I'm not sure if my approach is correct or not. If not, I'd gladly accept another suggested way to achieve this.

Jason
  • 2,834
  • 6
  • 31
  • 35
  • Have you tried debugging in the REPL? – dskrvk May 18 '15 at 04:46
  • @dskrvk I don't have much experience debugging since I'm not a developer. However, I suspect the issue is in how Spark hands off data to functions. For example, time_delta() works in pure Python. For some reason, certain Python/Pandas functions just don't play nice. E.g. import re def extract_ani(x): extract = x.str.extract(r'(\d{10})') return extract Dates = Dates.withColumn('Cell', extract_ani(Dates.ANI)) also errors out with Spark DataFrames, but works when I convert the dataframe to an RDD and use the function as part of a `sc.map` – Jason May 18 '15 at 23:54
  • In Scala I would use TimestampType instead of StringType to hold the dates, and then create a UDF to calculate the difference between the two columns. I don't see anywhere that you declare time_delta to be user defined function, but that's a required step in Scala to make it do what you are trying to do. – David Griffin May 19 '15 at 01:39
  • 1
    Yeah take a look at http://spark.apache.org/docs/latest/api/python/pyspark.sql.html#module-pyspark.sql.functions under pyspark.sql.functions.udf. You need to create time_delta as a UDF – David Griffin May 19 '15 at 02:07
  • @David Griffin you were right :) I initially disregarded registering UDF's as I believed you had to register UDFs only of you wanted to use the `select` expression – Jason May 19 '15 at 02:46
  • Incidentally, had you been using a more strongly typed language like Scala you would have gotten a complaint about trying to pass Columns into a function that is expecting String arguments. – David Griffin May 19 '15 at 03:42
  • Yes, that was the other issue..Initially, I was trying to use `pd.to_datetime()` but that is a pandas function that expects columns. – Jason May 19 '15 at 03:51

6 Answers6

61

As of Spark 1.5 you can use unix_timestamp:

from pyspark.sql import functions as F
timeFmt = "yyyy-MM-dd'T'HH:mm:ss.SSS"
timeDiff = (F.unix_timestamp('EndDateTime', format=timeFmt)
            - F.unix_timestamp('StartDateTime', format=timeFmt))
df = df.withColumn("Duration", timeDiff)

Note the Java style time format.

>>> df.show()
+---+--------------------+--------------------+--------+
| ID|         EndDateTime|       StartDateTime|Duration|
+---+--------------------+--------------------+--------+
|X01|2014-02-13T12:36:...|2014-02-13T12:31:...|     258|
|X02|2014-02-13T12:35:...|2014-02-13T12:32:...|     204|
|X03|2014-02-13T12:36:...|2014-02-13T12:32:...|     228|
|XO4|2014-02-13T12:37:...|2014-02-13T12:32:...|     269|
|XO5|2014-02-13T12:36:...|2014-02-13T12:33:...|     202|
+---+--------------------+--------------------+--------+
Kamil Sindi
  • 21,782
  • 19
  • 96
  • 120
16

Thanks to David Griffin. Here's how to do this for future reference.

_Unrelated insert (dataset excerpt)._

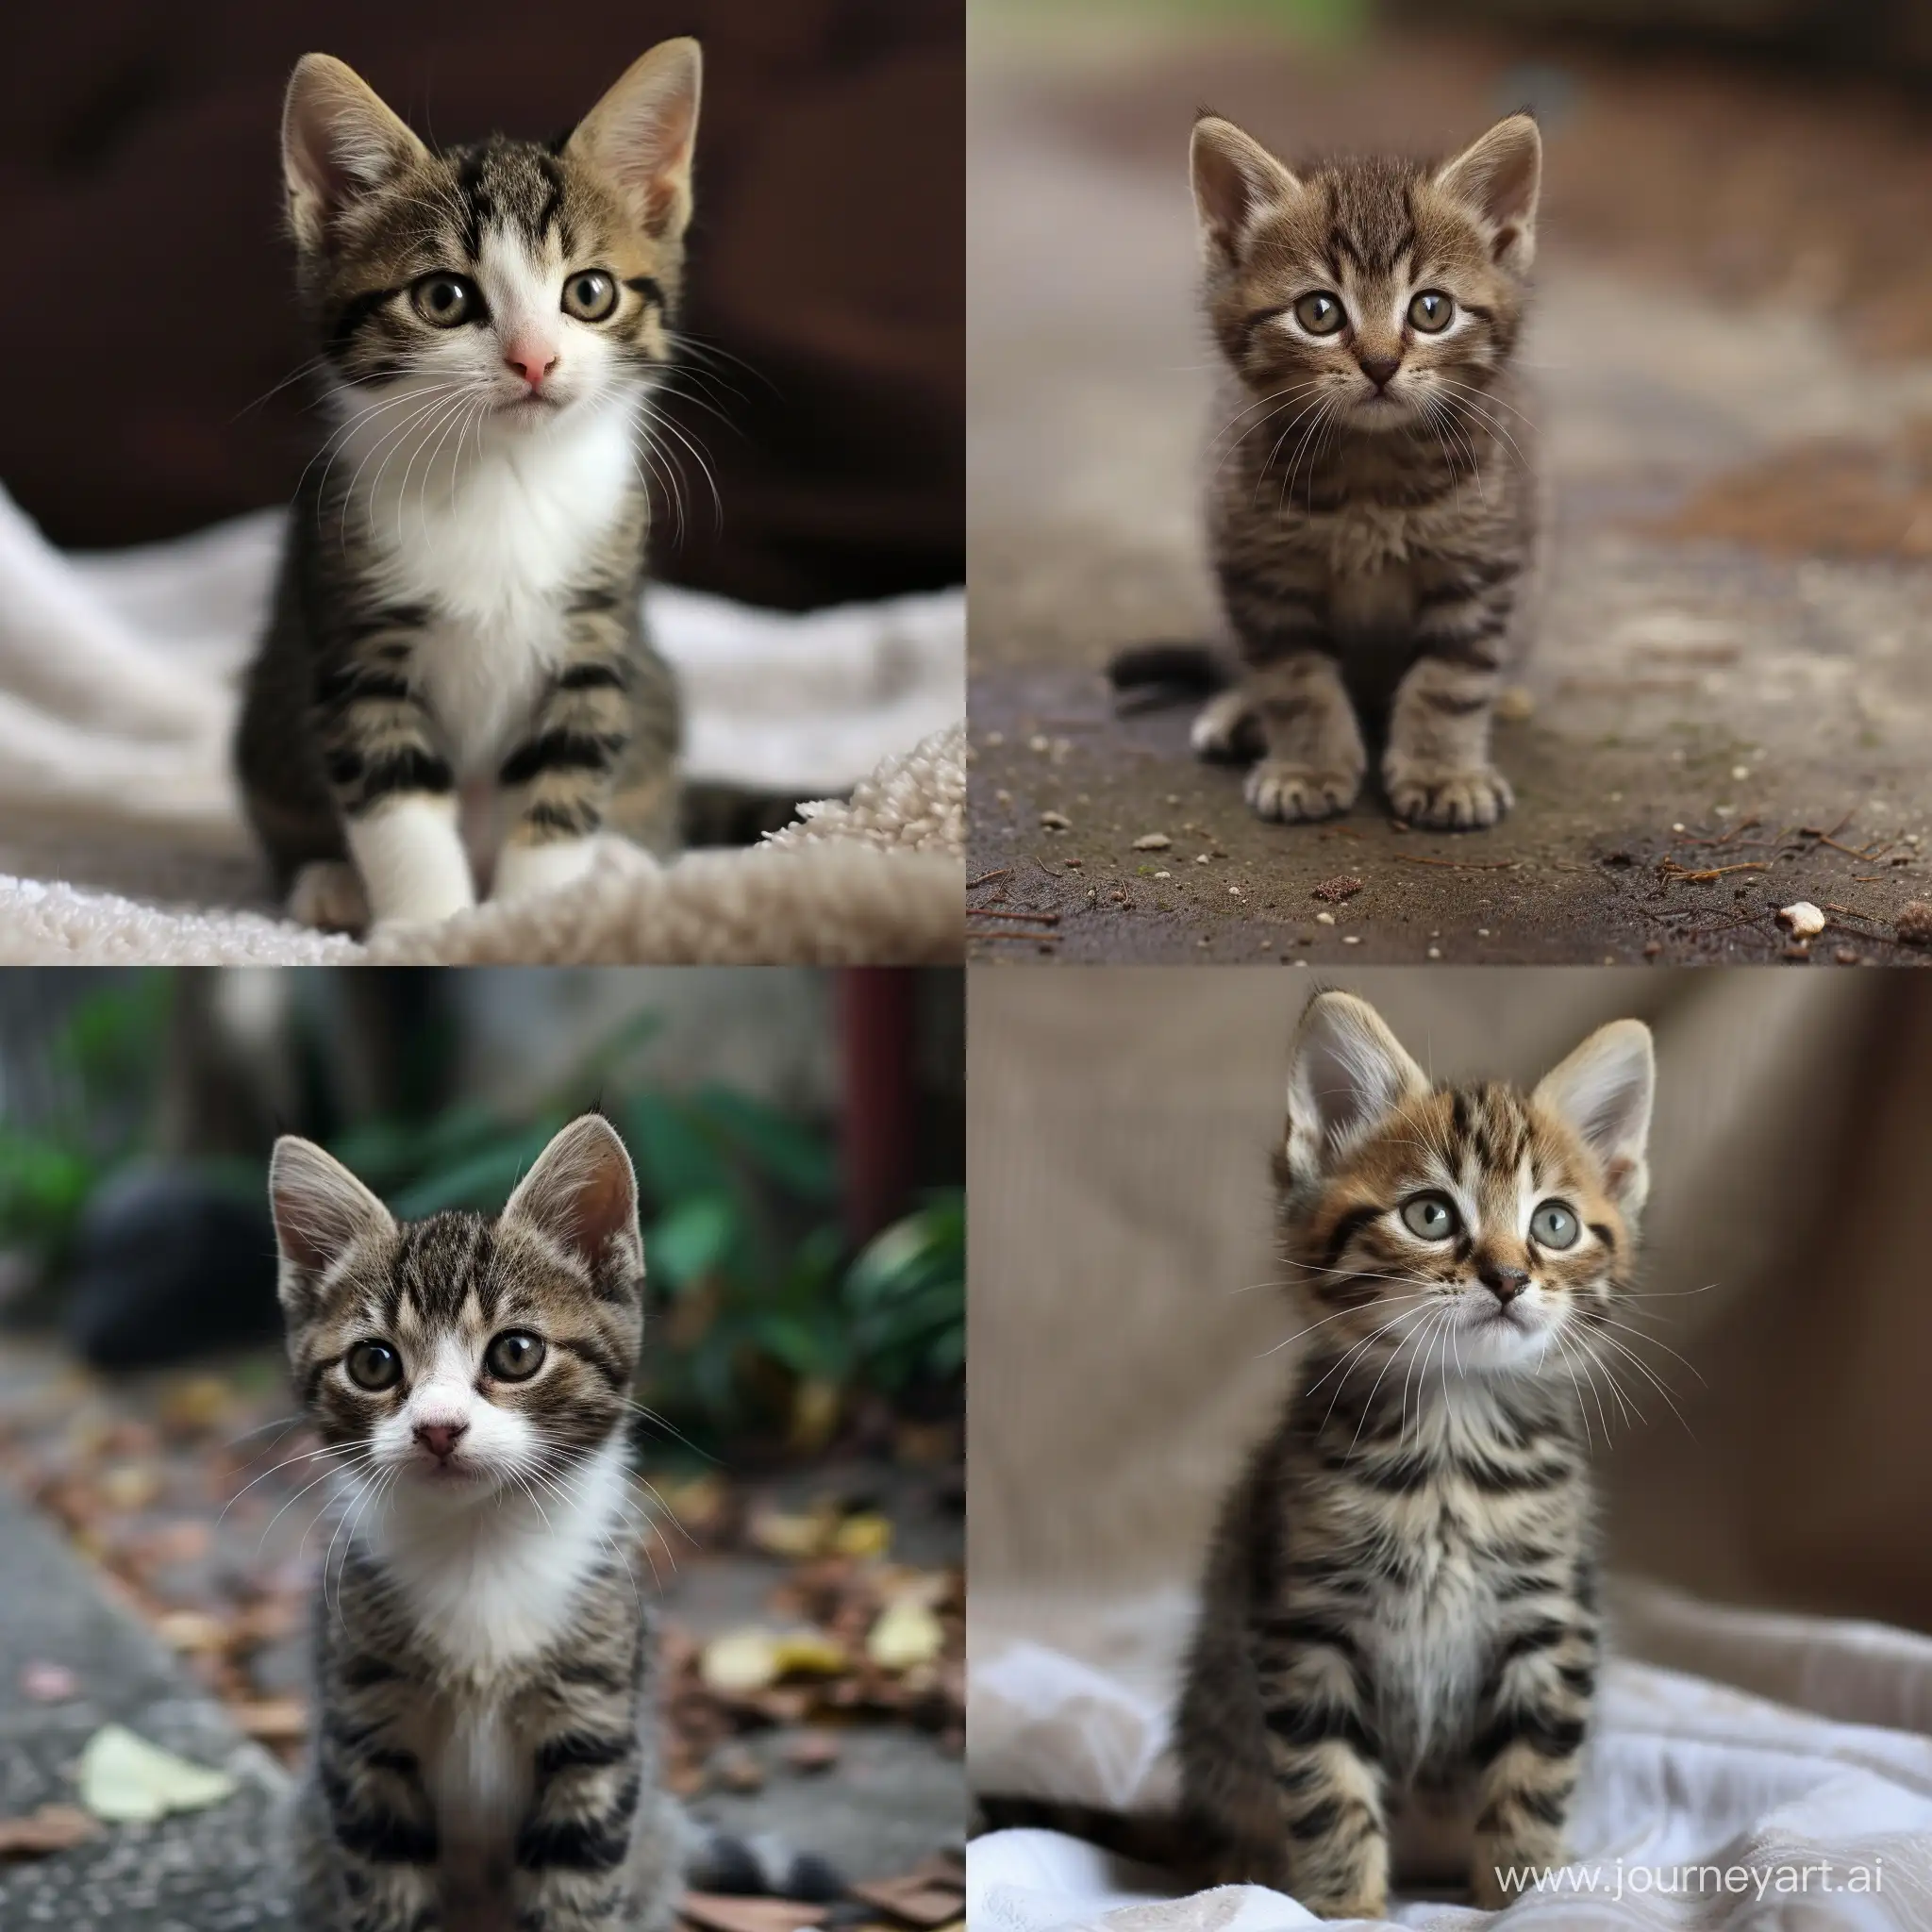 Adorable-Small-Cat-in-Playful-Poses

from pyspark.sql import SQLContext, Row
sqlContext = SQLContext(sc)
from pyspark.sql.types import StringType, IntegerType, StructType, StructField
from pyspark.sql.functions import udf

# Build sample data
rdd = sc.parallelize([('X01','2014-02-13T12:36:14.899','2014-02-13T12:31:56.876'),
                      ('X02','2014-02-13T12:35:37.405','2014-02-13T12:32:13.321'),
                      ('X03','2014-02-13T12:36:03.825','2014-02-13T12:32:15.229'),
                      ('XO4','2014-02-13T12:37:05.460','2014-02-13T12:32:36.881'),
                      ('XO5','2014-02-13T12:36:52.721','2014-02-13T12:33:30.323')])
schema = StructType([StructField('ID', StringType(), True),
                     StructField('EndDateTime', StringType(), True),
                     StructField('StartDateTime', StringType(), True)])
df = sqlContext.createDataFrame(rdd, schema)

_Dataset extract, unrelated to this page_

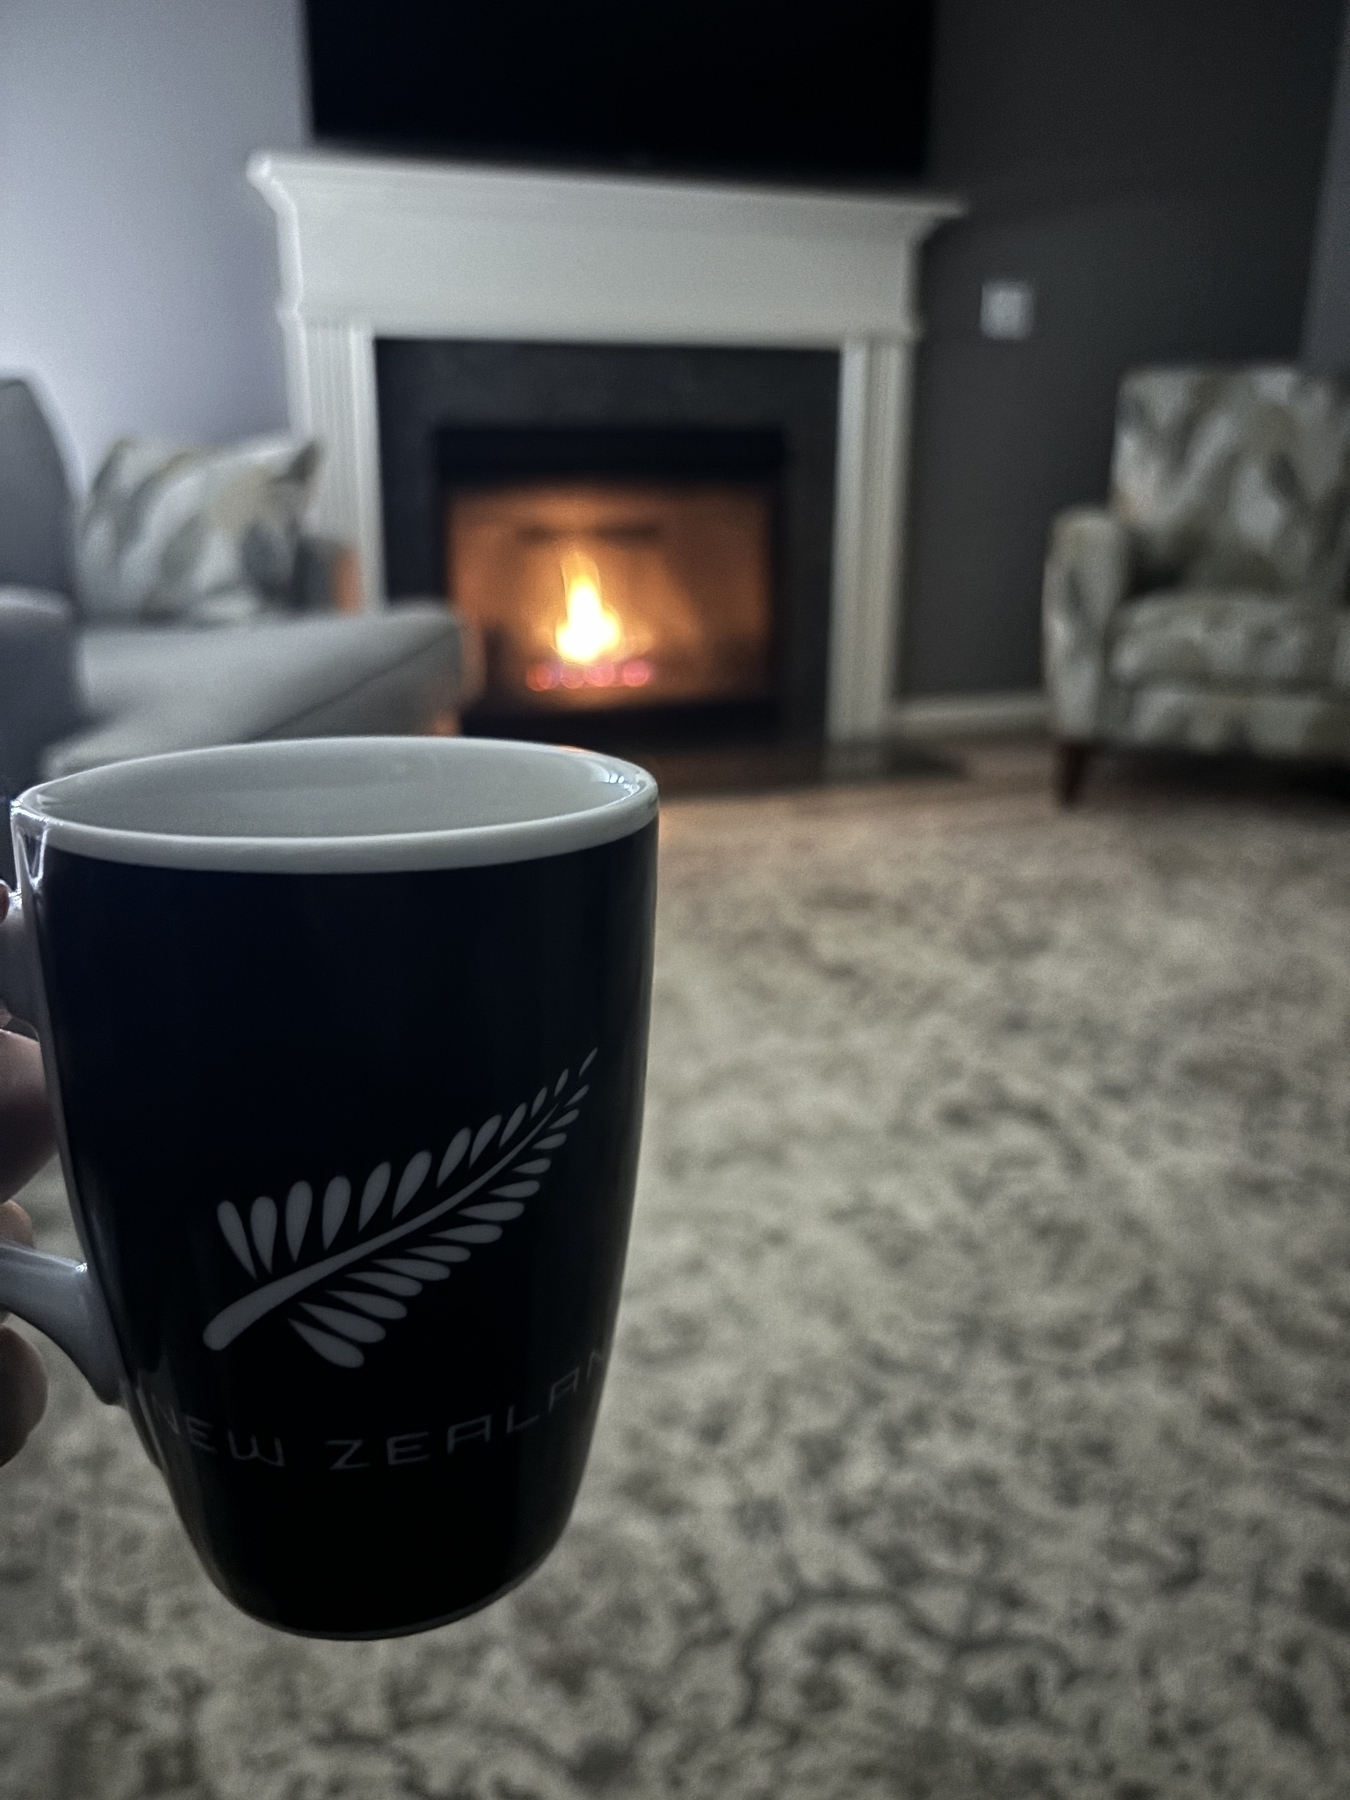 A coffee mug that reads, “New Zealand” in front of a fireplace with an inviting fire.

# define timedelta function (obtain duration in seconds)
def time_delta(y,x): 
    from datetime import datetime
    end = datetime.strptime(y, '%Y-%m-%dT%H:%M:%S.%f')
    start = datetime.strptime(x, '%Y-%m-%dT%H:%M:%S.%f')
    delta = (end-start).total_seconds()
    return delta

# register as a UDF 
f = udf(time_delta, IntegerType())

# Apply function
df2 = df.withColumn('Duration', f(df.EndDateTime, df.StartDateTime)) 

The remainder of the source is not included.